→ Task objective:
With every picture left out, give the data below back exactly.

→ The data:
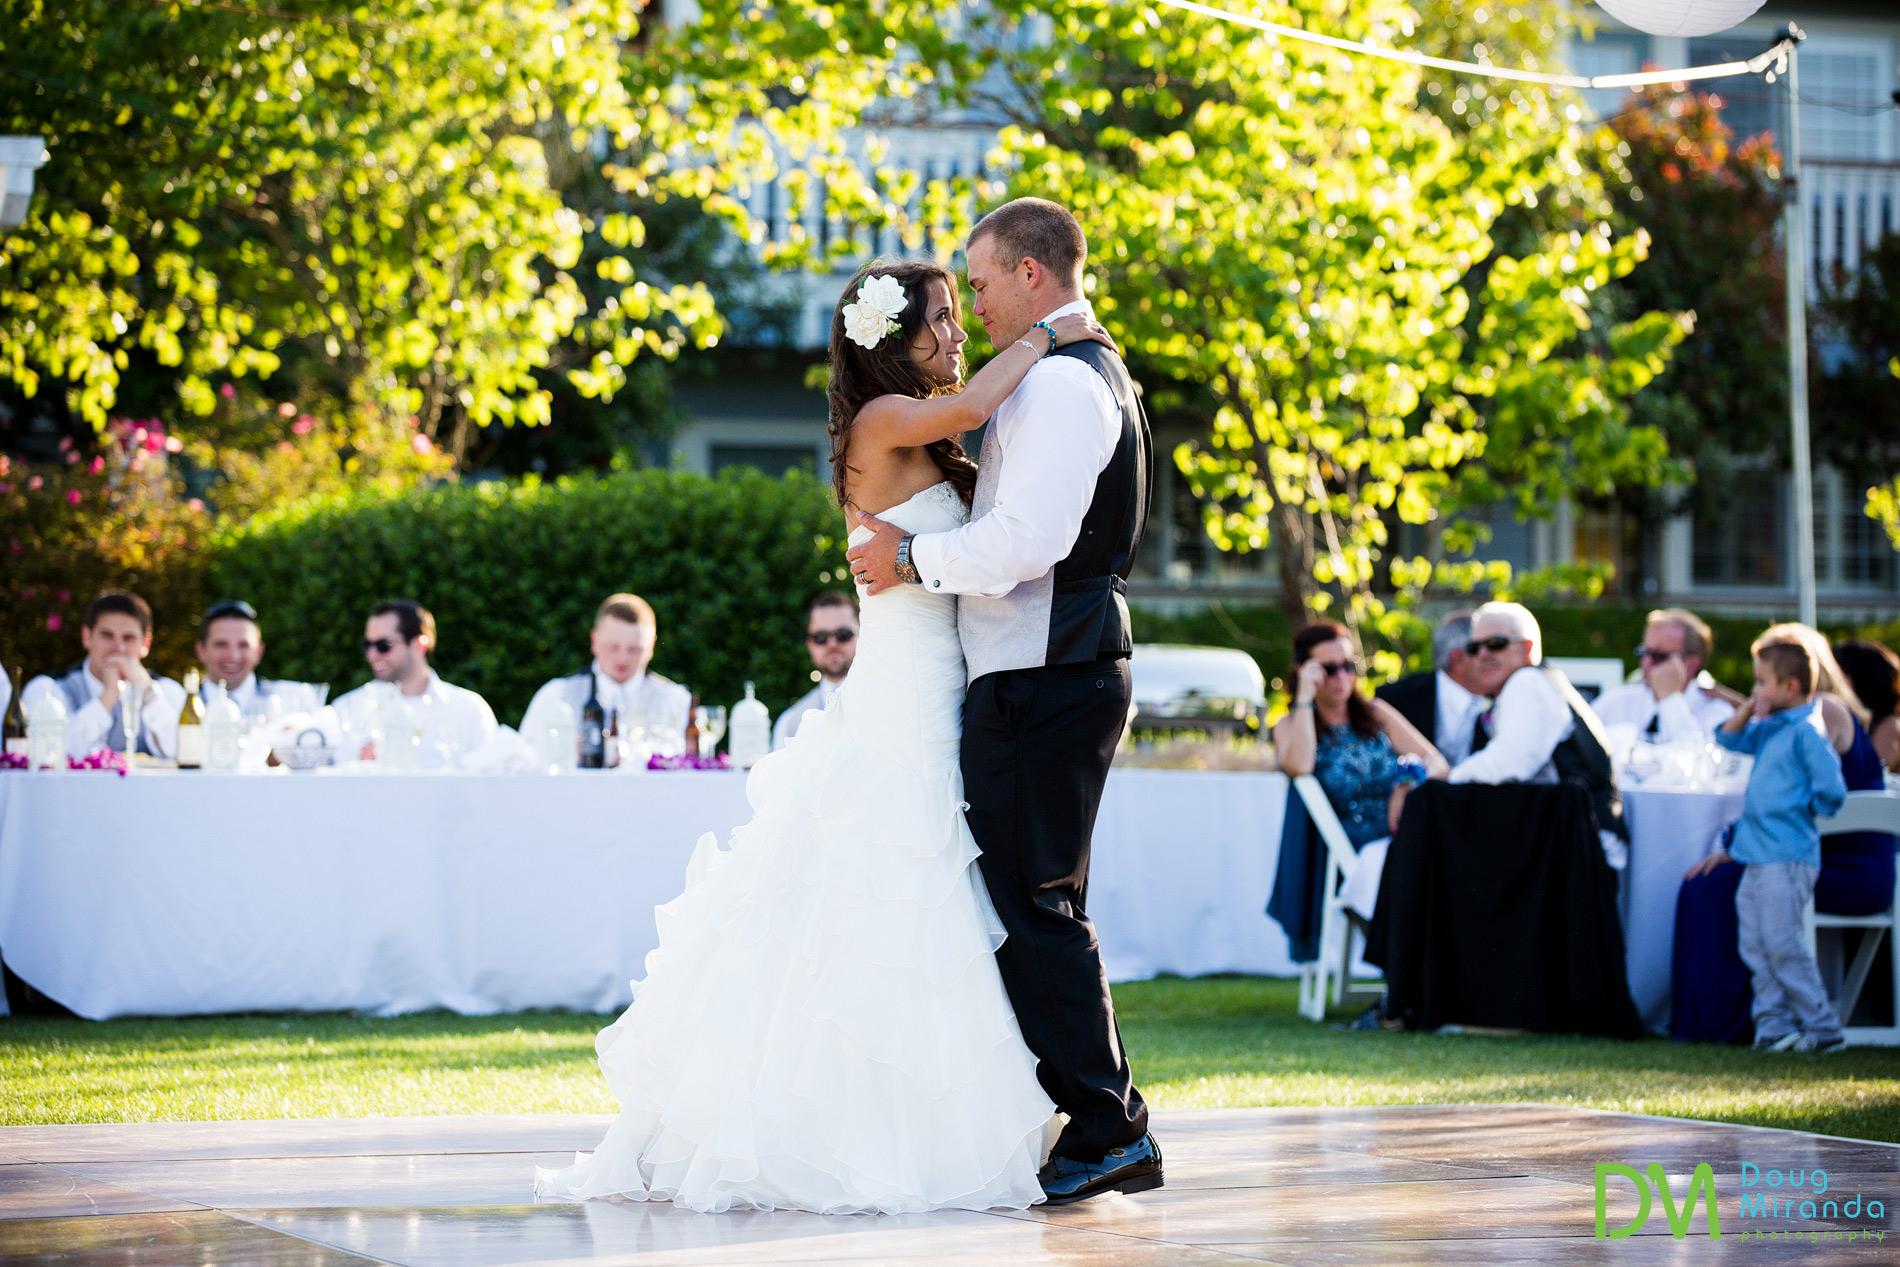 geyserville inn wedding
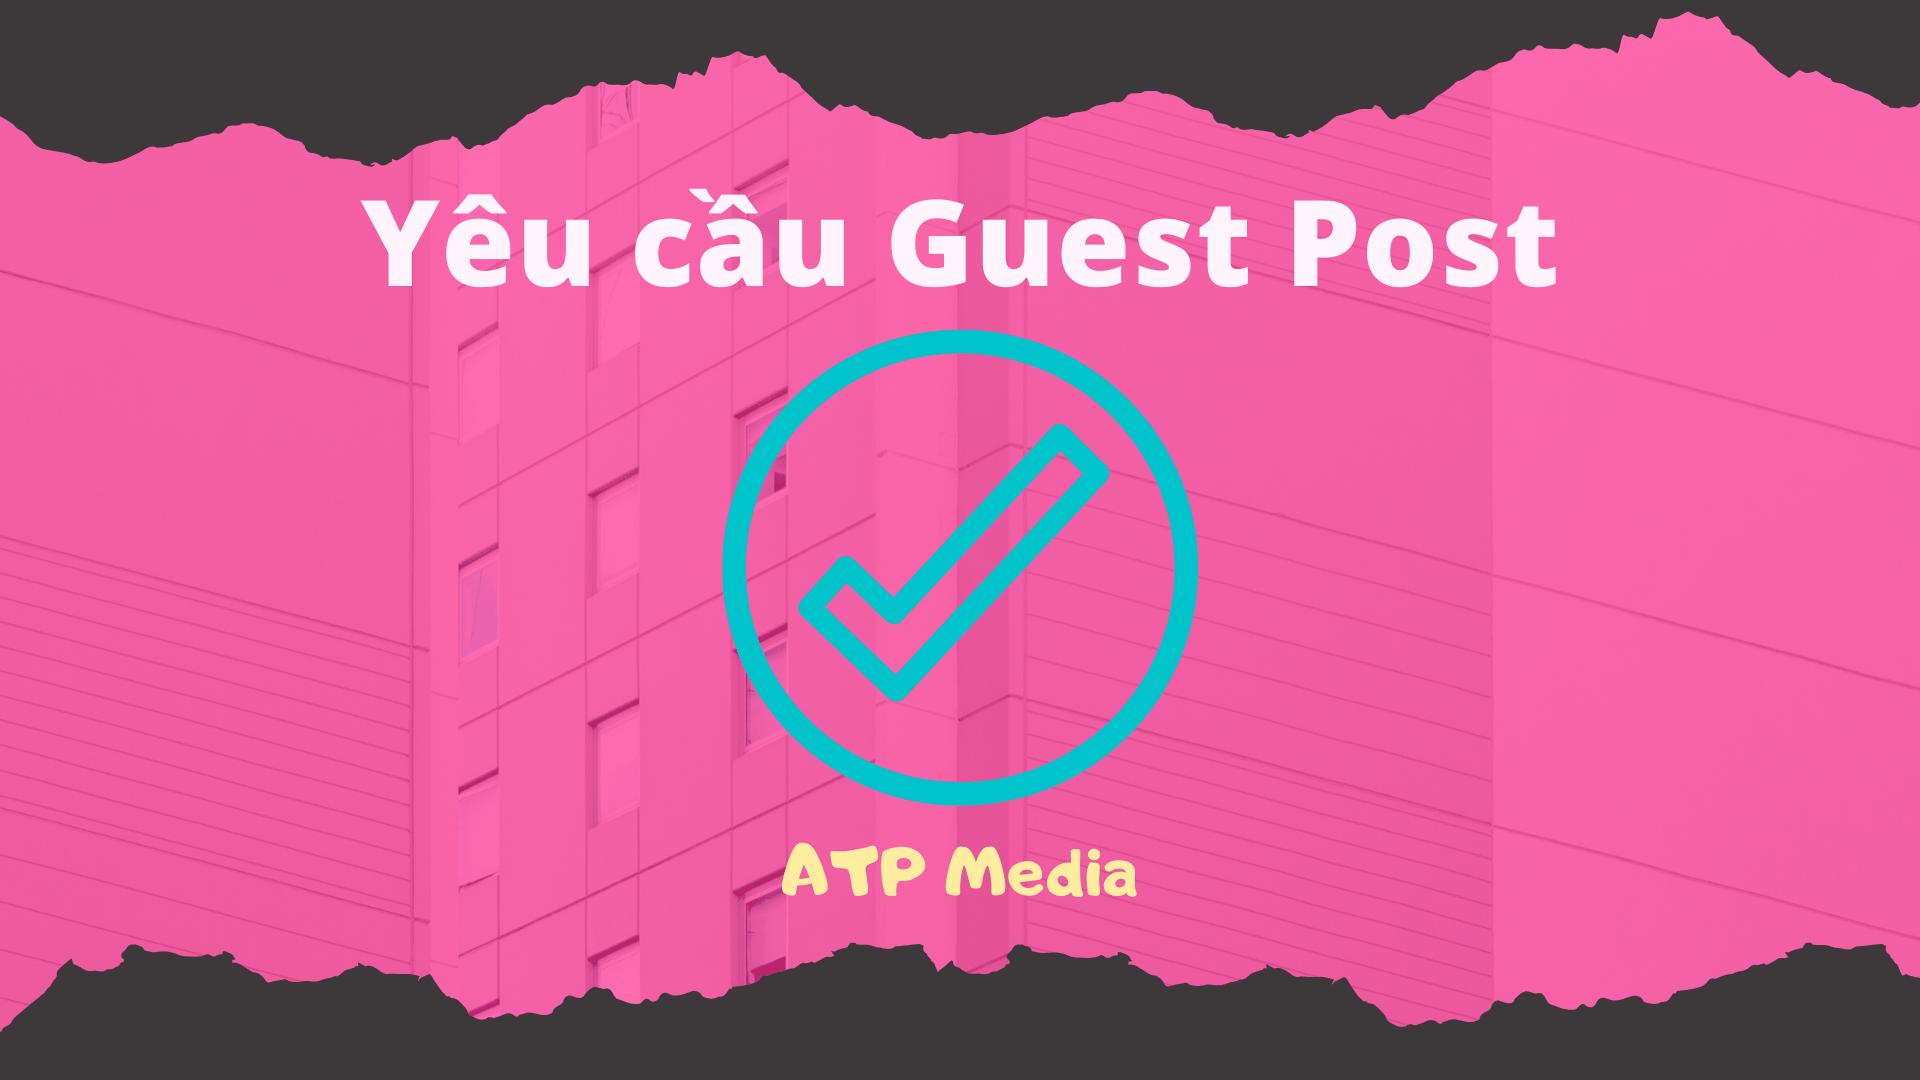 Yêu cầu Guest Post
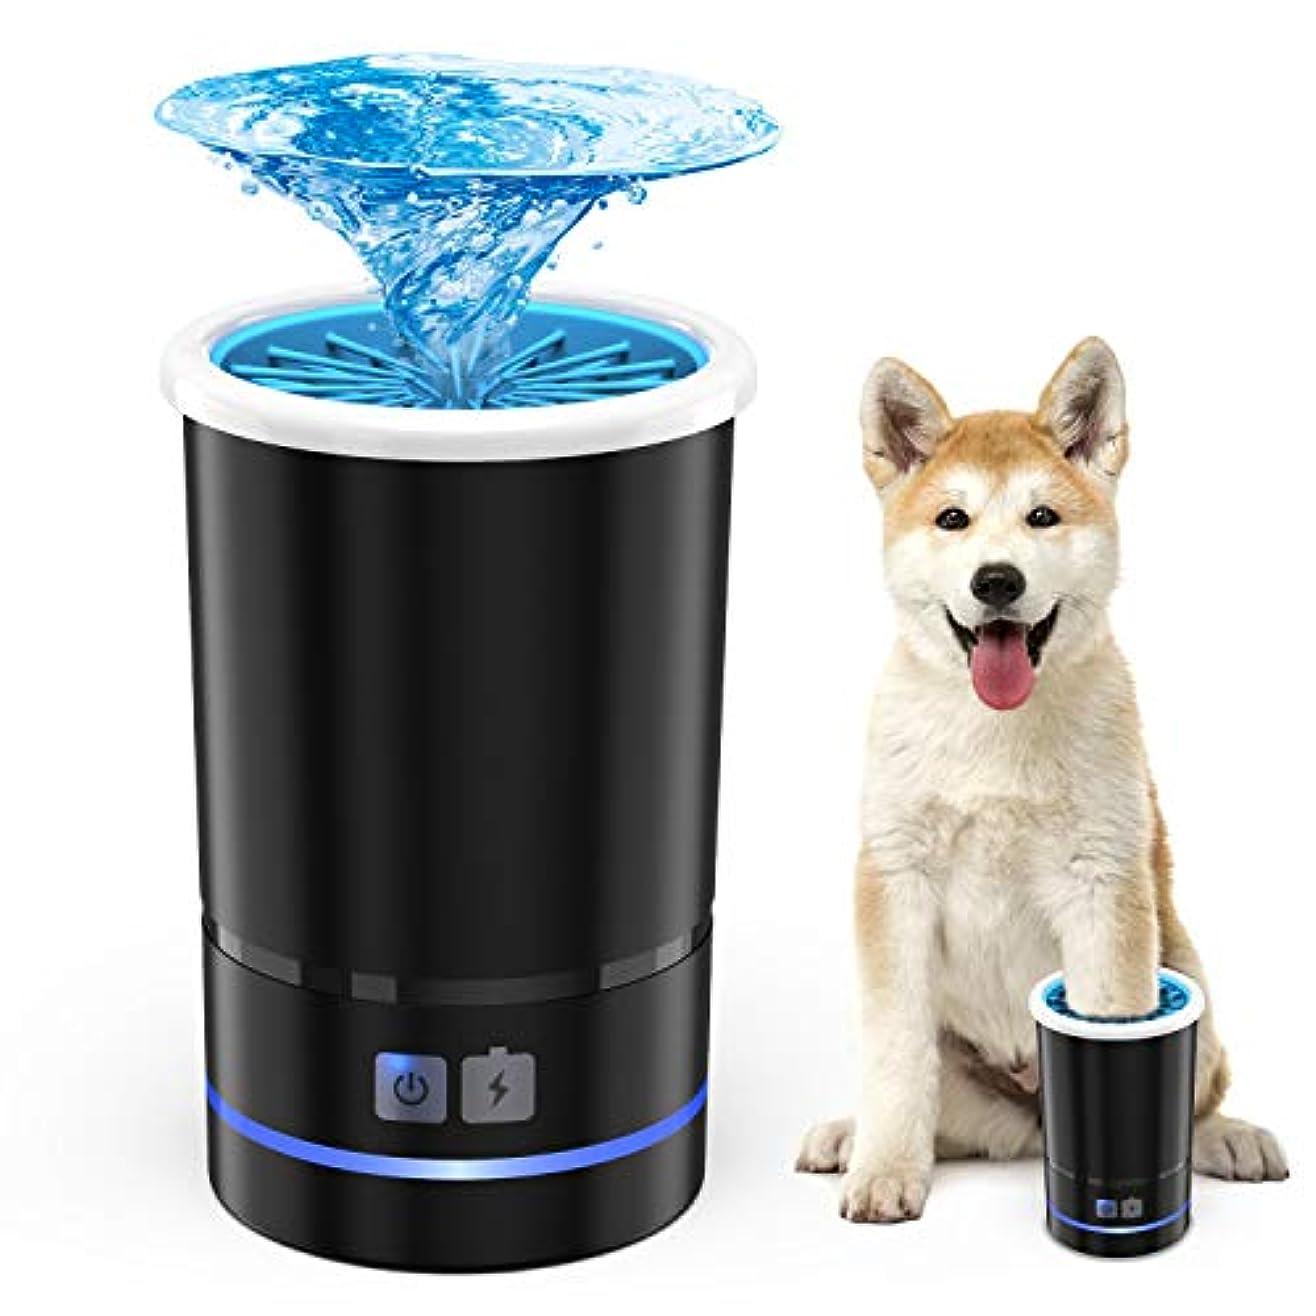 交流する印象首謀者Akcra 犬 足洗いカップ クリーナー 自動式 電池内蔵 充電式 シリコーンブラシ 洗浄力抜群 柔軟 マッサージ効果 節水 持ち運び便利 安心安全 小型 中型犬に適用 12ヶ月保証
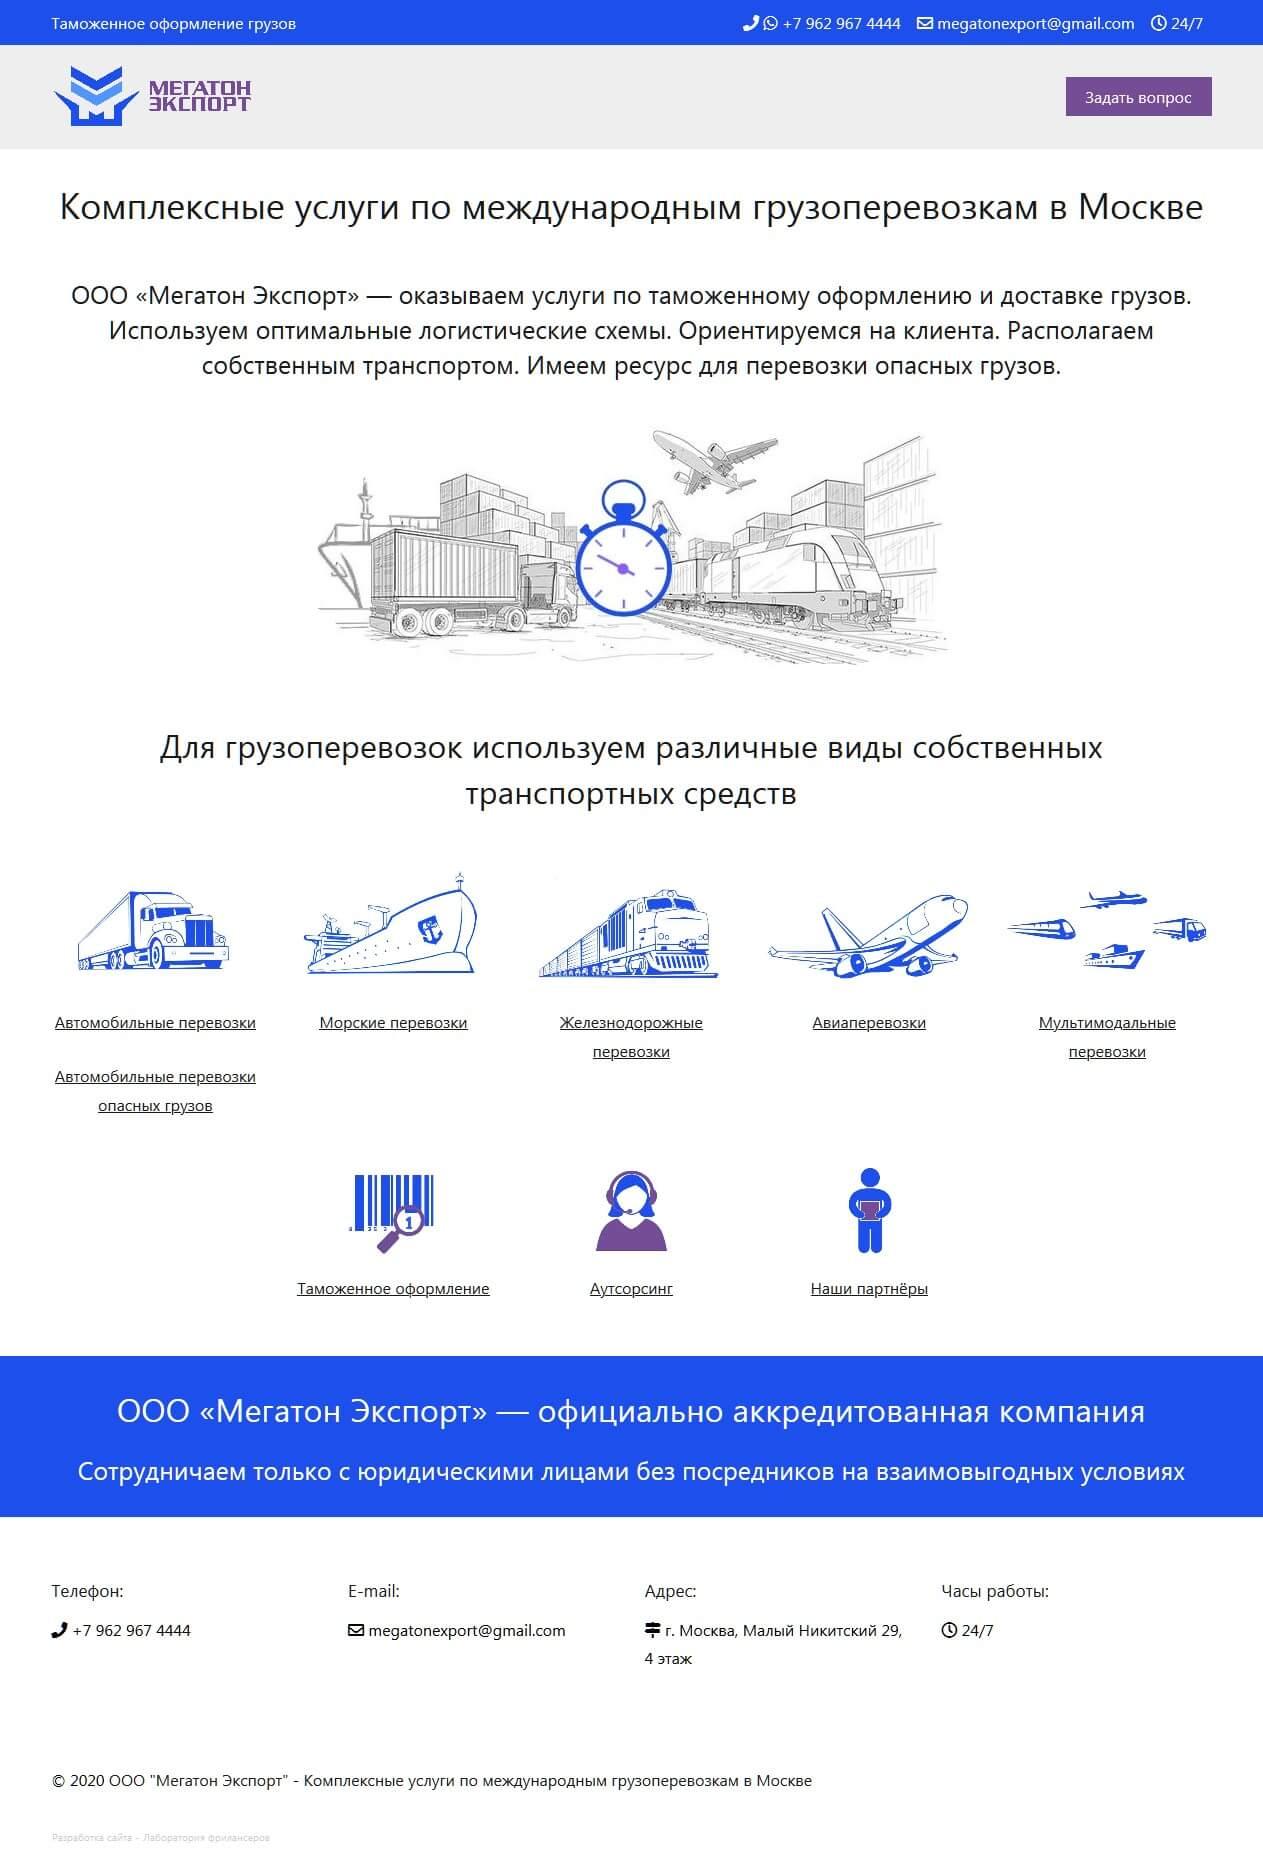 sozdanie-sayta-megatonexport

→ Answer to the problem:
 geyserville inn wedding
 Yêu cầu Guest Post
 交流する印象首謀者Akcra 犬 足洗いカップ クリーナー 自動式 電池内蔵 充電式 シリコーンブラシ 洗浄力抜群 柔軟 マッサージ効果 節水 持ち運び便利 安心安全 小型 中型犬に適用 12ヶ月保証
 sozdanie-sayta-megatonexport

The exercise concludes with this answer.